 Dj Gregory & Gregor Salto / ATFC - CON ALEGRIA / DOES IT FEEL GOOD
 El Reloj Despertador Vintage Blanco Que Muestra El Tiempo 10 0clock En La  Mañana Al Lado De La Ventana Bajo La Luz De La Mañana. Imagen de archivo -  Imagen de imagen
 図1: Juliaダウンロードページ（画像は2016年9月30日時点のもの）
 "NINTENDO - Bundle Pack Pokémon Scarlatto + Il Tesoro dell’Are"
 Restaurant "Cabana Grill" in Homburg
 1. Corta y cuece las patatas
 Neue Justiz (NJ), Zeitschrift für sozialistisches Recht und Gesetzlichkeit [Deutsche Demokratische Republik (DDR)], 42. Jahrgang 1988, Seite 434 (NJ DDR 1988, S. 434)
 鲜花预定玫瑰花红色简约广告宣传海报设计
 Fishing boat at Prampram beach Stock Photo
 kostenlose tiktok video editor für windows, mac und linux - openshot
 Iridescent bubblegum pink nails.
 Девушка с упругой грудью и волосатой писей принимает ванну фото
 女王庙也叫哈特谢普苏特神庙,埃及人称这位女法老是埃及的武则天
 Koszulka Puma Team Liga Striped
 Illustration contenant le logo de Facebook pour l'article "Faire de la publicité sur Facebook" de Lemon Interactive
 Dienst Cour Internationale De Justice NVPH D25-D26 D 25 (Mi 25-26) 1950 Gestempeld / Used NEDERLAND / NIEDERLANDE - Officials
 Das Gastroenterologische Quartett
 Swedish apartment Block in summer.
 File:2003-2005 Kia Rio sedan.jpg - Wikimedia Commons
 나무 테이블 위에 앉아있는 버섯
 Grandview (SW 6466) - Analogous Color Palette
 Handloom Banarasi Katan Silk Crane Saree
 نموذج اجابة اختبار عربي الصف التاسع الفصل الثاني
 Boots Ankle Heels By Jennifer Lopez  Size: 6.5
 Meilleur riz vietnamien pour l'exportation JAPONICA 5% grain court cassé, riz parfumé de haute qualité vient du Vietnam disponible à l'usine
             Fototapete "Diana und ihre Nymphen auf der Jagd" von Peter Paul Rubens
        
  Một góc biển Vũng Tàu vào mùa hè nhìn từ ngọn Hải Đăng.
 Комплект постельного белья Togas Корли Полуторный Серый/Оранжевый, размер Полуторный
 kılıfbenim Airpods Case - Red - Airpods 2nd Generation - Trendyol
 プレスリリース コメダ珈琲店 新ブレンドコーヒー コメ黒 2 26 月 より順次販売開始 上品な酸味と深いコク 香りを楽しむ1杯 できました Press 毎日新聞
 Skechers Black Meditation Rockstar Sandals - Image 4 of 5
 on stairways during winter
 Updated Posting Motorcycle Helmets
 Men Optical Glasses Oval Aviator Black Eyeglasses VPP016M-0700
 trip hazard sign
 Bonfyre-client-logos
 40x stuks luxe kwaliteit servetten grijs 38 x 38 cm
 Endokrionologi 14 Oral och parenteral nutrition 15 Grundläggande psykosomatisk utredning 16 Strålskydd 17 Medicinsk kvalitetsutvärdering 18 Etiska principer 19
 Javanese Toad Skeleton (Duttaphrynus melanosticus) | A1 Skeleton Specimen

..........

[Task statement] Give again exactly, and only, the lines above starting at the one with "Meilleur riz vietnamien" and ending at the one with "Updated Posting Motorcycle Helmets".

[Solution]
 Meilleur riz vietnamien pour l'exportation JAPONICA 5% grain court cassé, riz parfumé de haute qualité vient du Vietnam disponible à l'usine
             Fototapete "Diana und ihre Nymphen auf der Jagd" von Peter Paul Rubens
        
  Một góc biển Vũng Tàu vào mùa hè nhìn từ ngọn Hải Đăng.
 Комплект постельного белья Togas Корли Полуторный Серый/Оранжевый, размер Полуторный
 kılıfbenim Airpods Case - Red - Airpods 2nd Generation - Trendyol
 プレスリリース コメダ珈琲店 新ブレンドコーヒー コメ黒 2 26 月 より順次販売開始 上品な酸味と深いコク 香りを楽しむ1杯 できました Press 毎日新聞
 Skechers Black Meditation Rockstar Sandals - Image 4 of 5
 on stairways during winter
 Updated Posting Motorcycle Helmets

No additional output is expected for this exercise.